Task
Using the listing below, output only the lines from the one that contains "A wooden gate" through the one that contains "Competition CHEER CHEER", inclusive, exactly as given and without images.
-- Data follows --
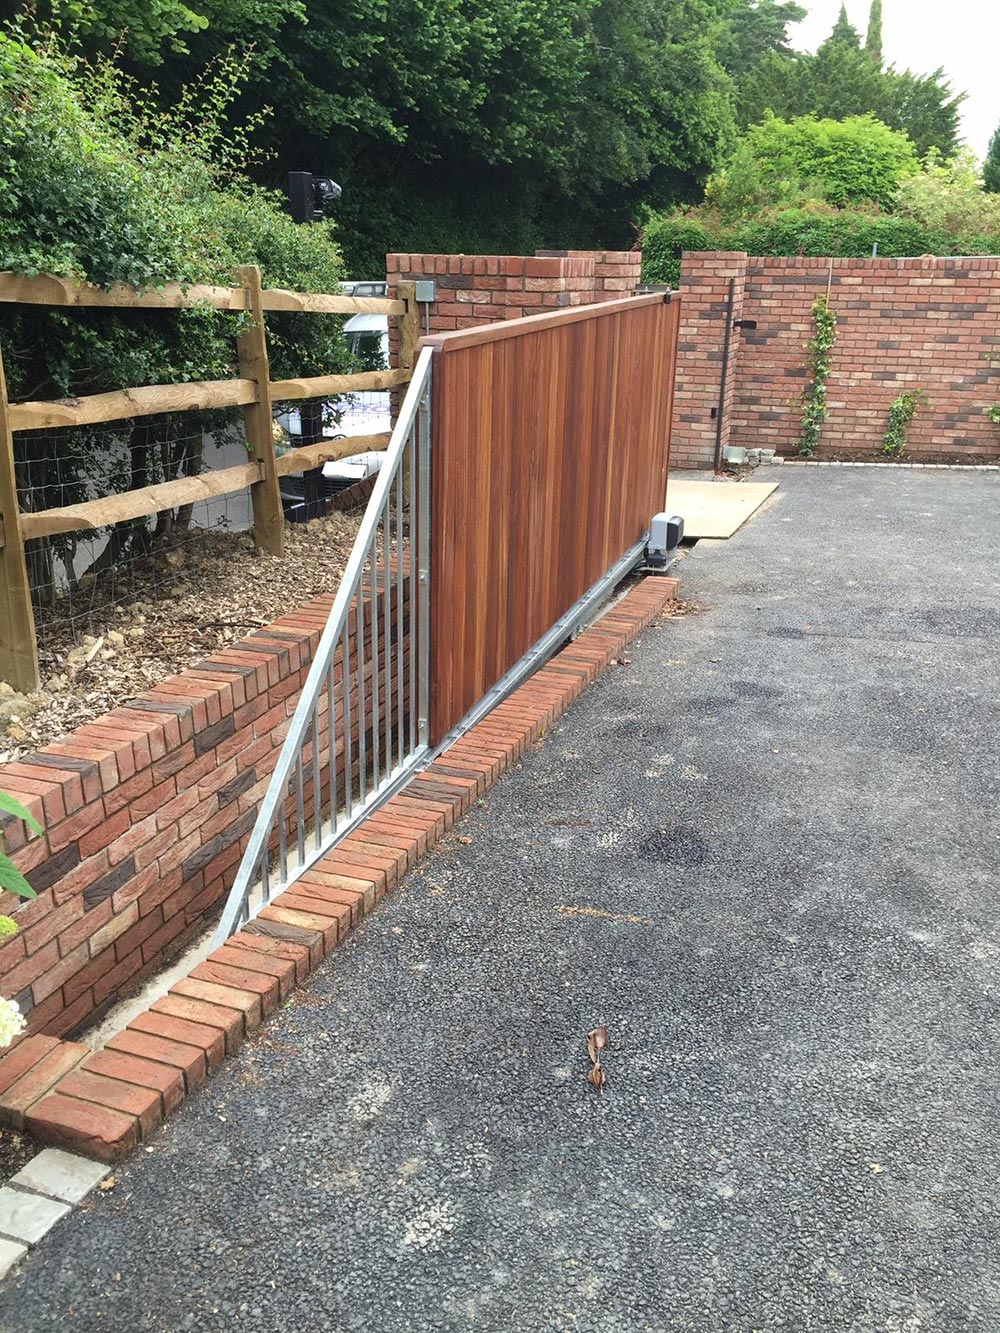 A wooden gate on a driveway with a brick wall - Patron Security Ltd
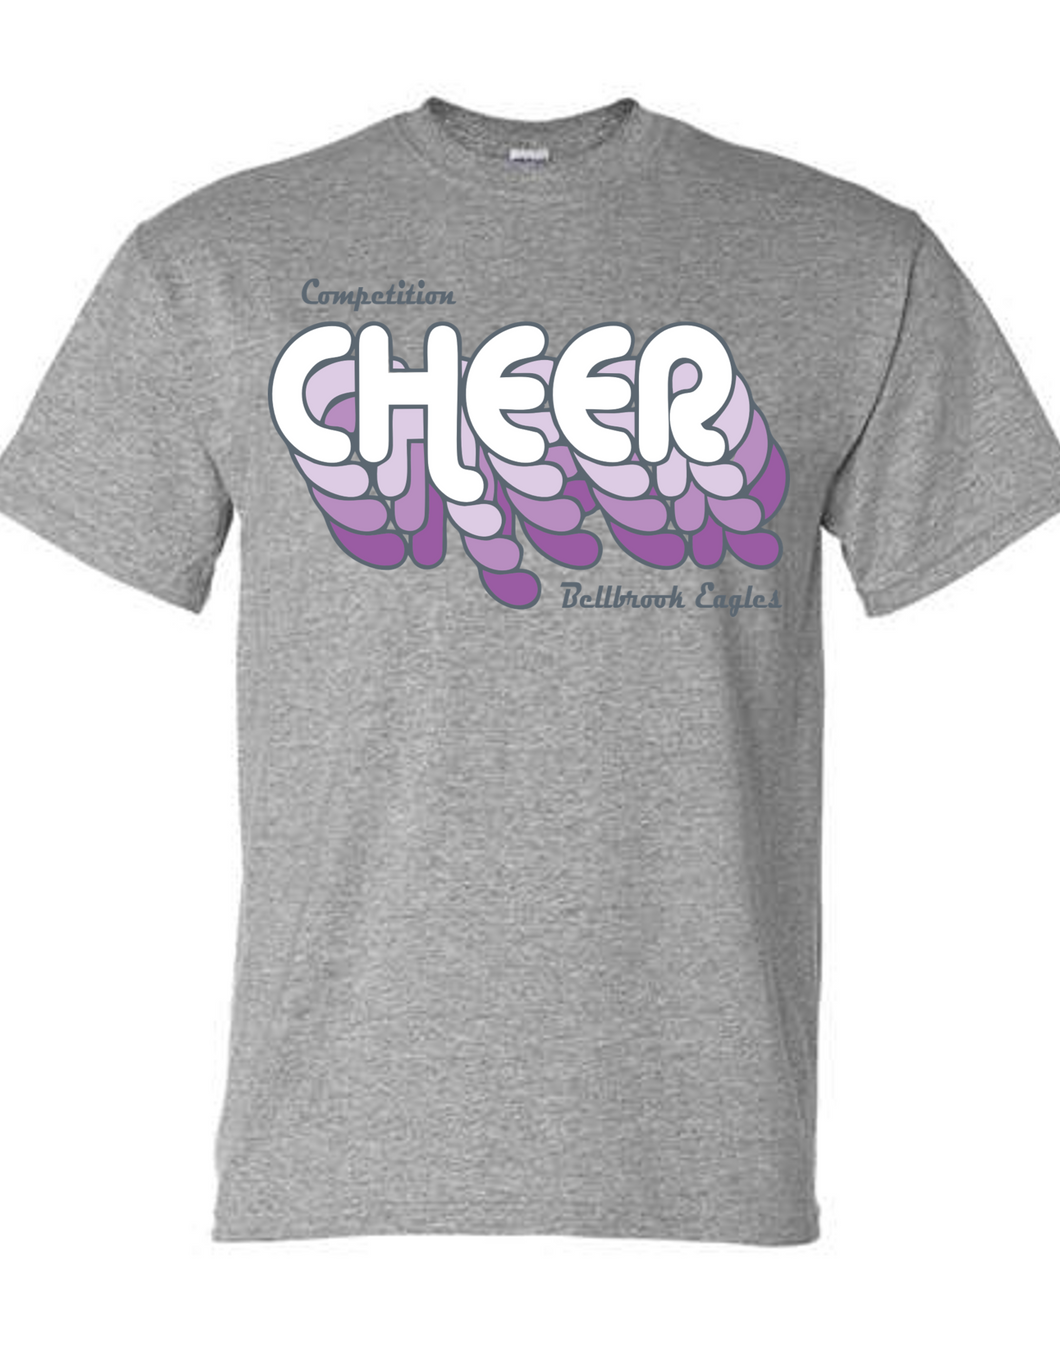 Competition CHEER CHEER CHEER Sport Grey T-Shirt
-- Data concluded --
-- Data follows --
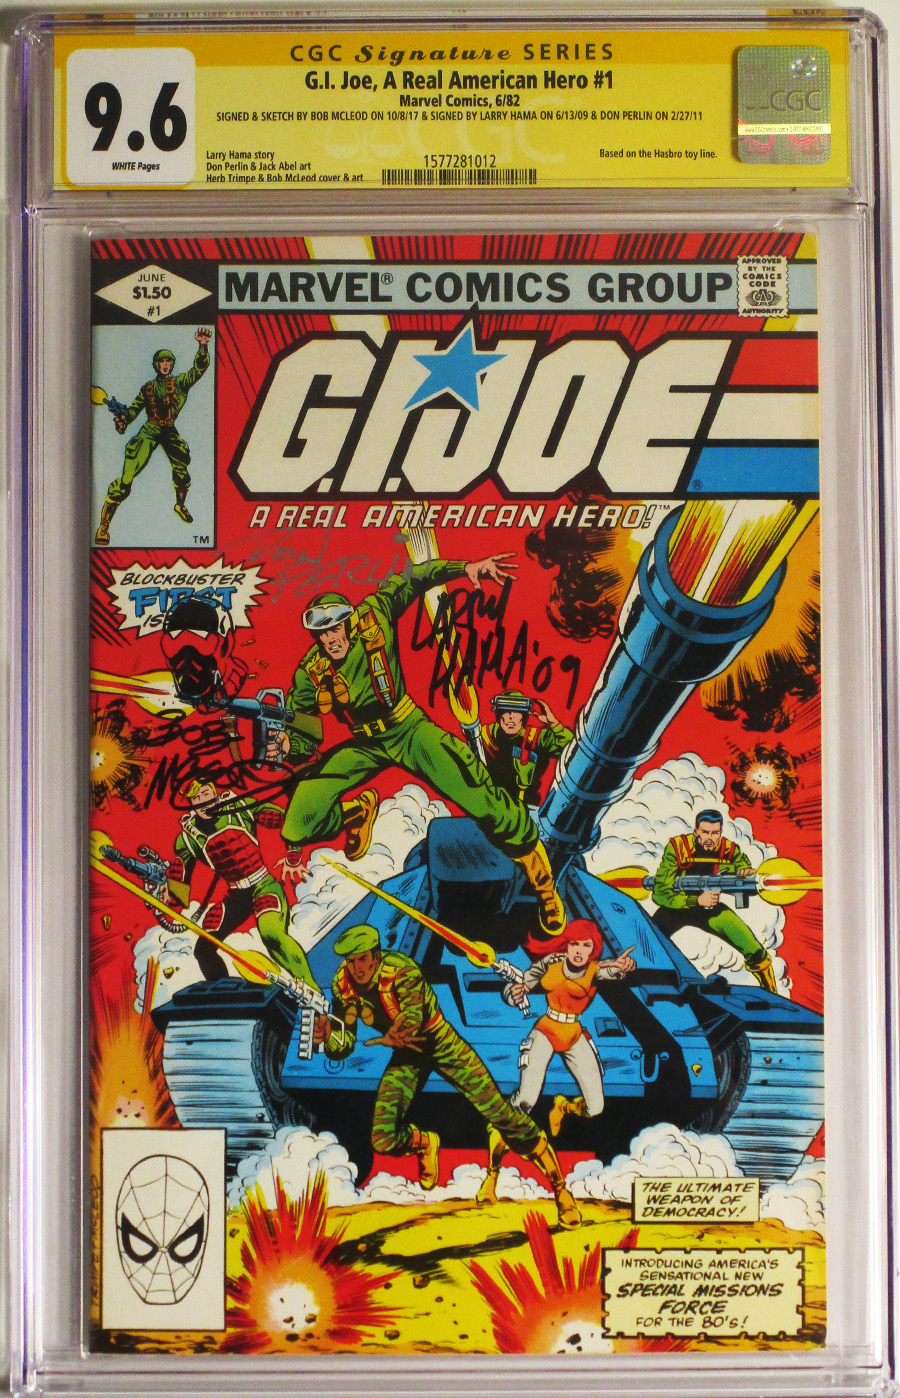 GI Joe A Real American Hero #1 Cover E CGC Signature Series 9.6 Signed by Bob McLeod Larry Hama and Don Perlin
-- Data concluded --
-- Data follows --
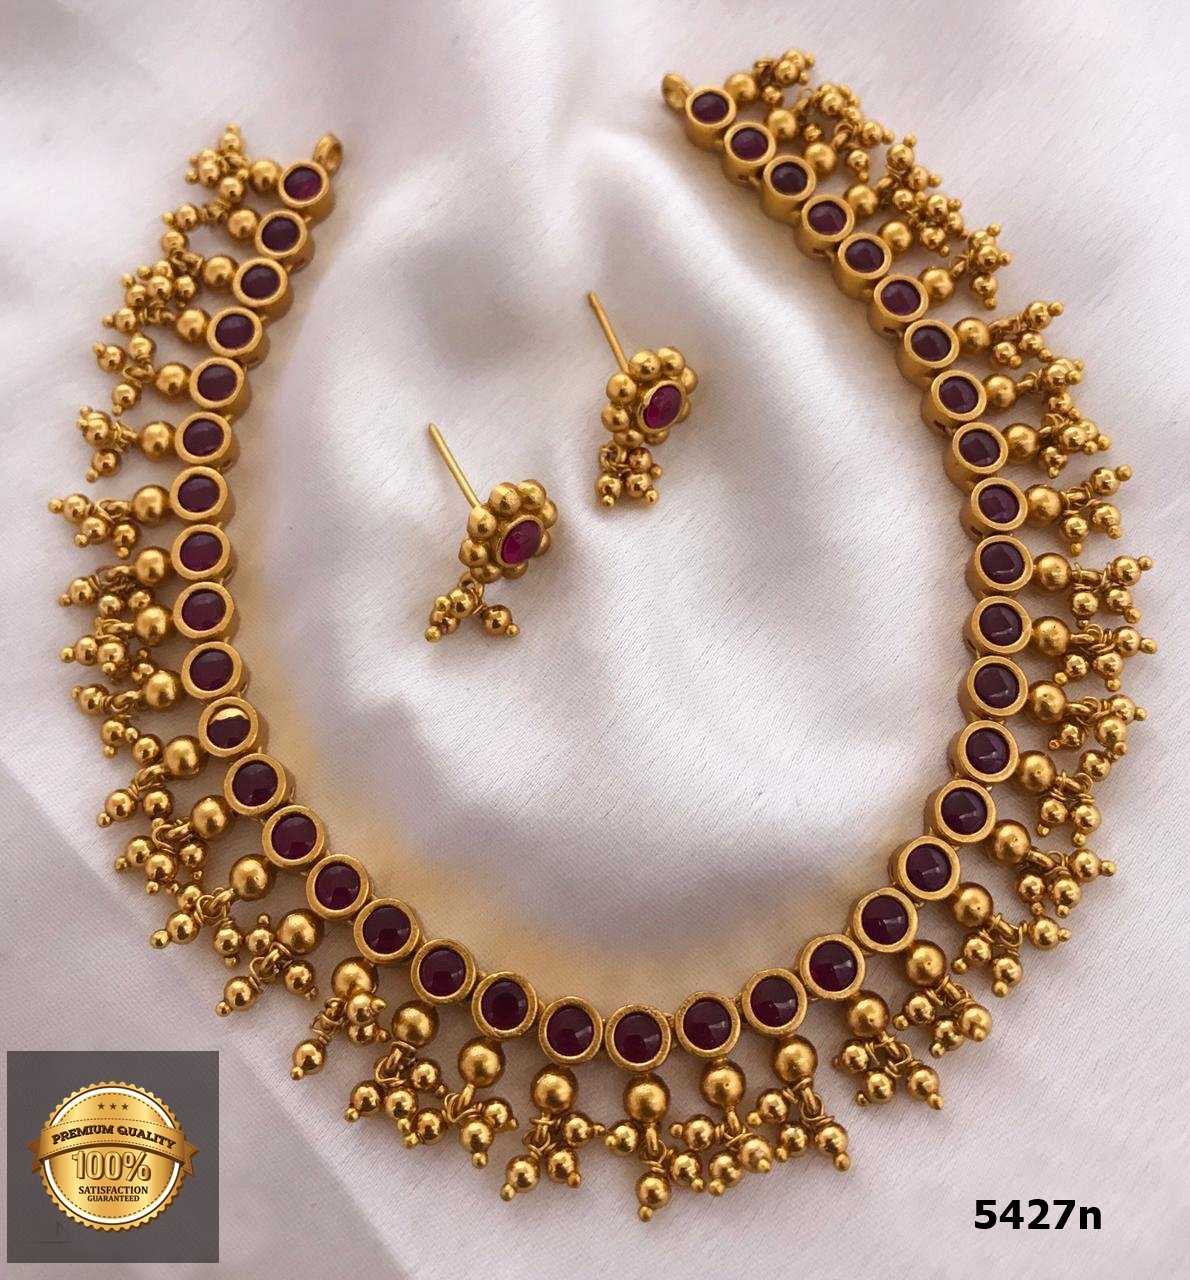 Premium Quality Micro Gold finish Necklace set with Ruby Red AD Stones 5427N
-- Data concluded --
Problem solution
 A wooden gate on a driveway with a brick wall - Patron Security Ltd
 Competition CHEER CHEER CHEER Sport Grey T-Shirt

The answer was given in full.